The authors persuasively argue the point that this erosion of trust in formal financial systems is linked to the fragmentation of democracy and liberalism.

They also, equally persuasively, dissect the incredible growth of the Chinese banking system, where assets have reached a truly eye-popping $49-trillion – vastly outpacing the growth of any other banking system in the world.

It was research into what was going on in China that became the genesis for the book, and the chapters on China and its ferocious growth quest make for fascinating reading.

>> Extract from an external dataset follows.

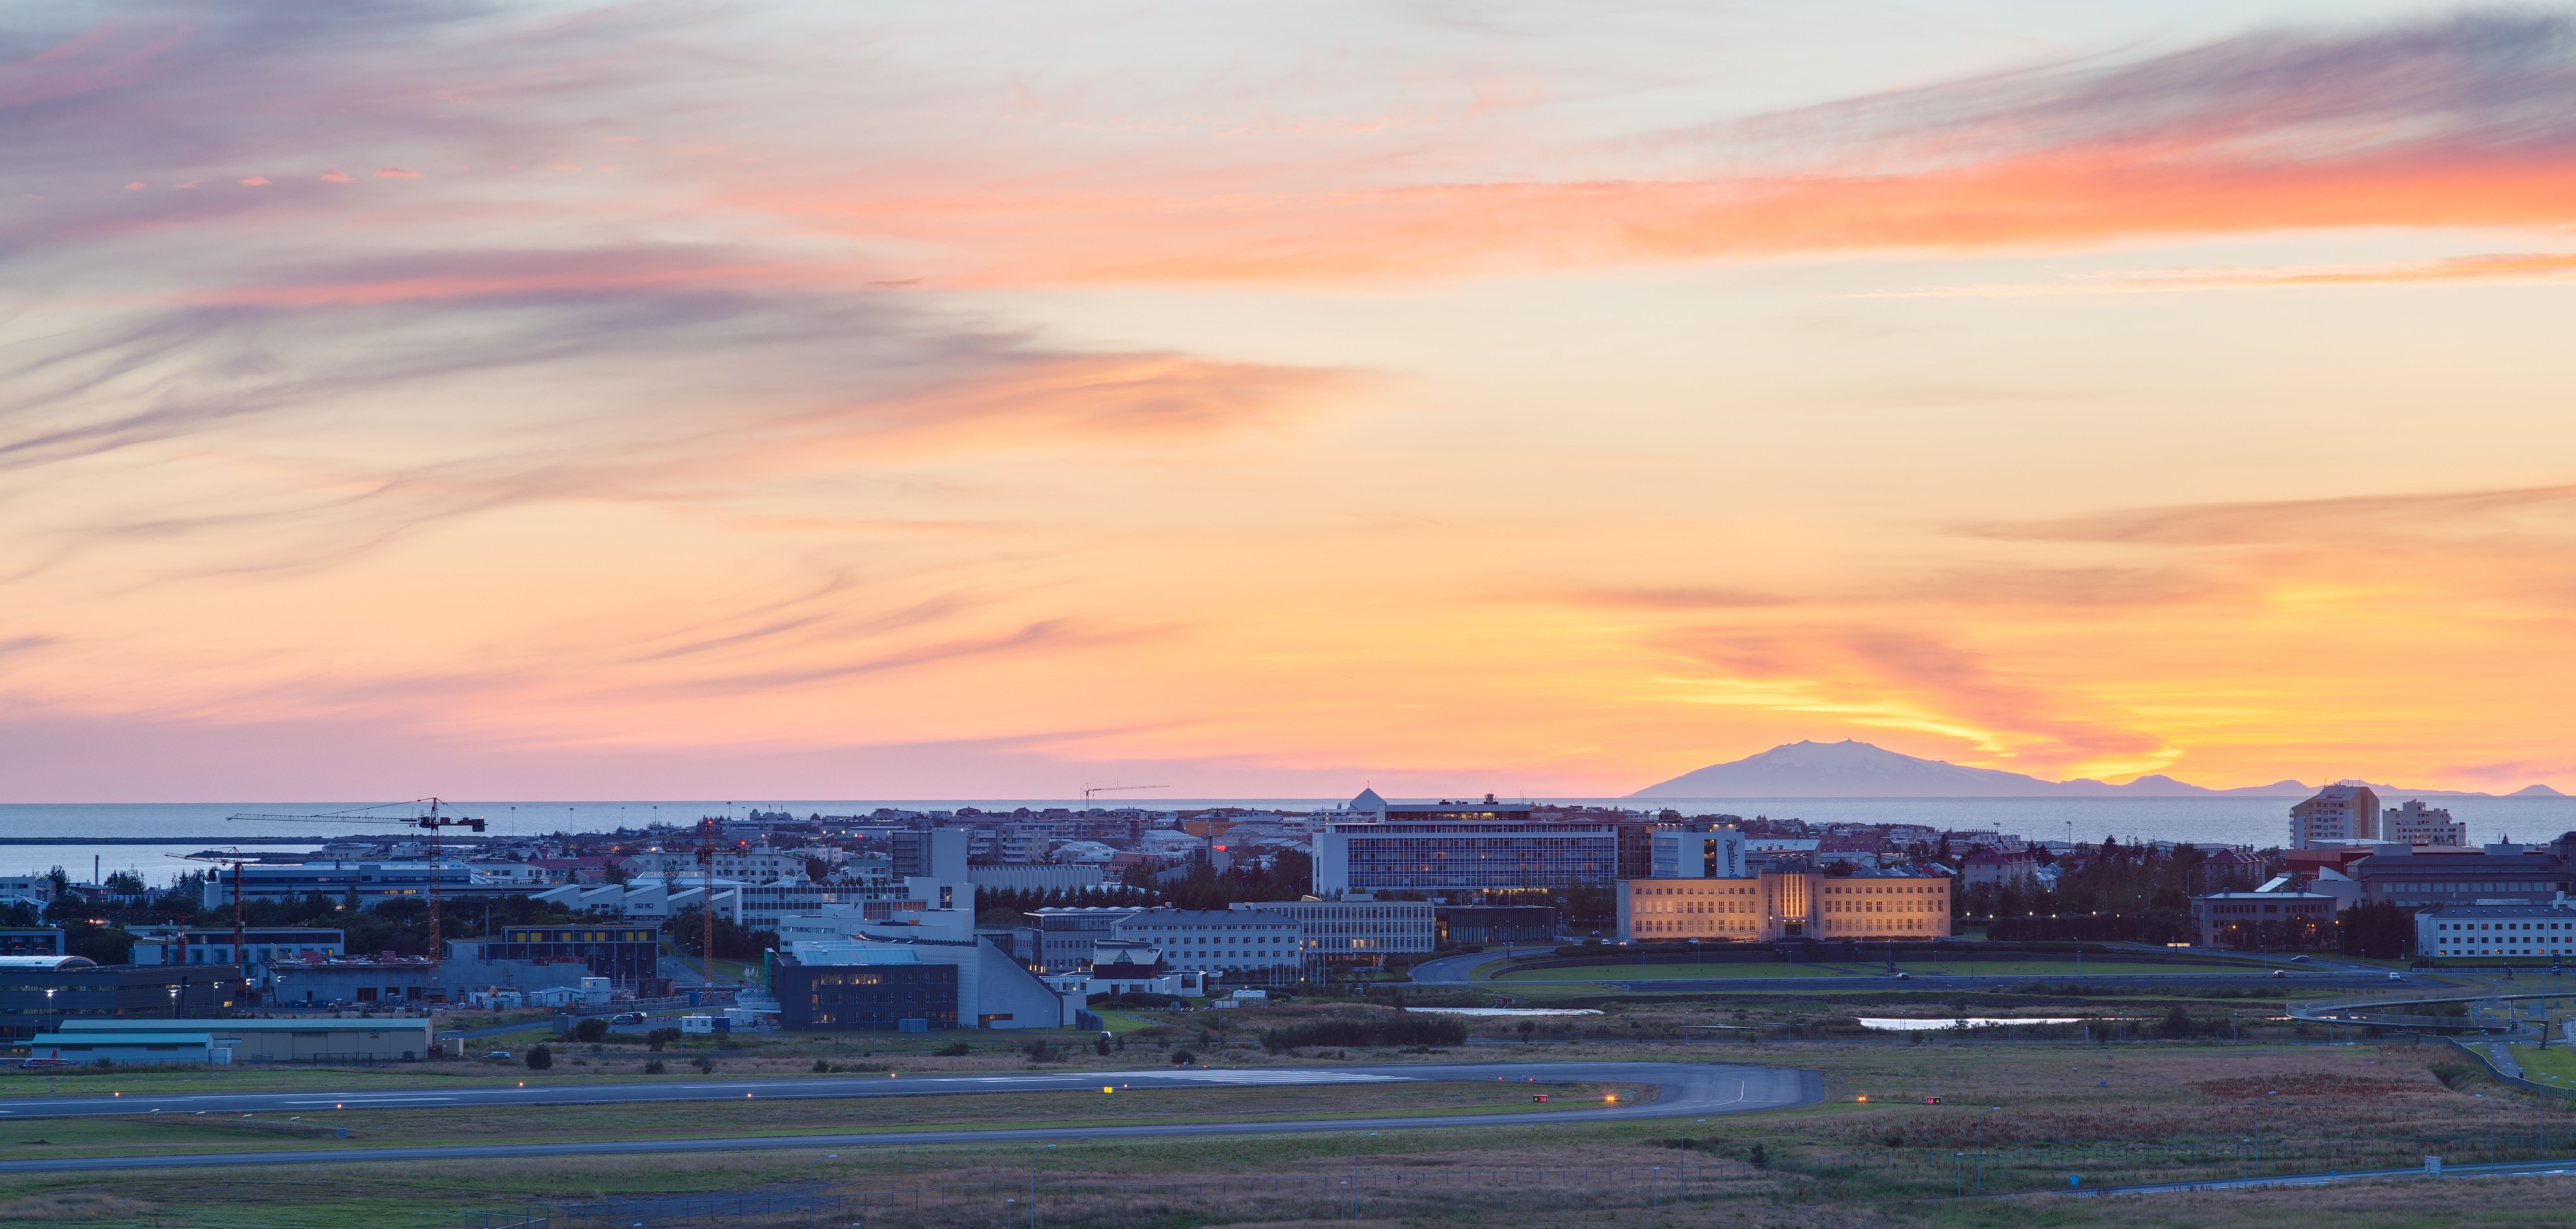 Vista de Reikiavik desde Perlan, Distrito de la Capital, Islandia, 2014-08-13, DD 127-129 HDR
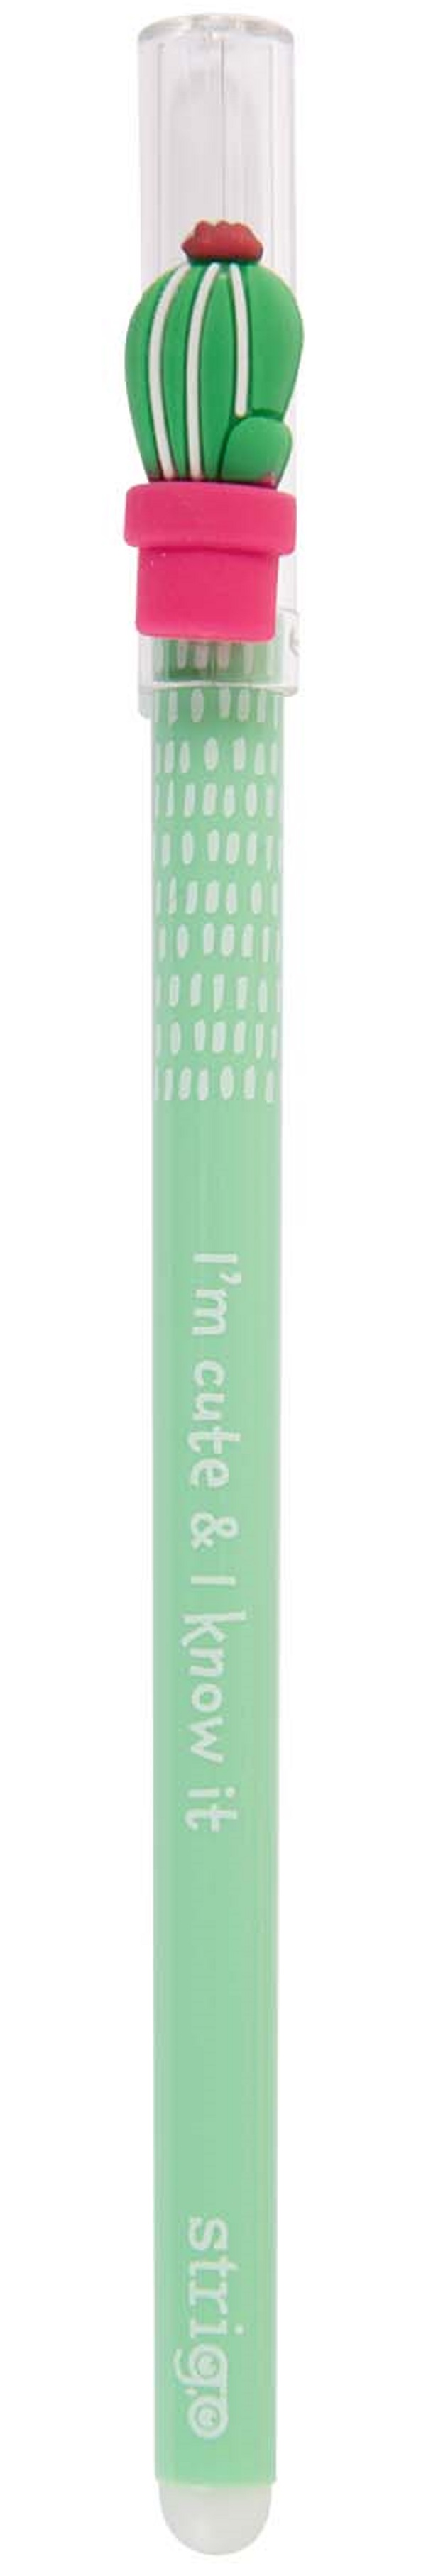 Pix cerneala termosensibila: Cactus verde

If you’re nervous about the Fed, you’ll probably need a few soothing libations when you start reading about the true health of China’s hugely indebted economy, not to mention the “Orwellian” regulations Chinese leaders are reverting to in order to reimpose some order on their out-of-control economic revolution.

While this may sound rather technical, The End of Money really isn’t. It’s lucid and thorough, and should be essential reading for anyone interested in financial markets – from novice investor to professional. 

As for how this plays out in the stock, bond, and crypto markets, the swings we’ve seen in the past few days are probably a hint. Buckle up!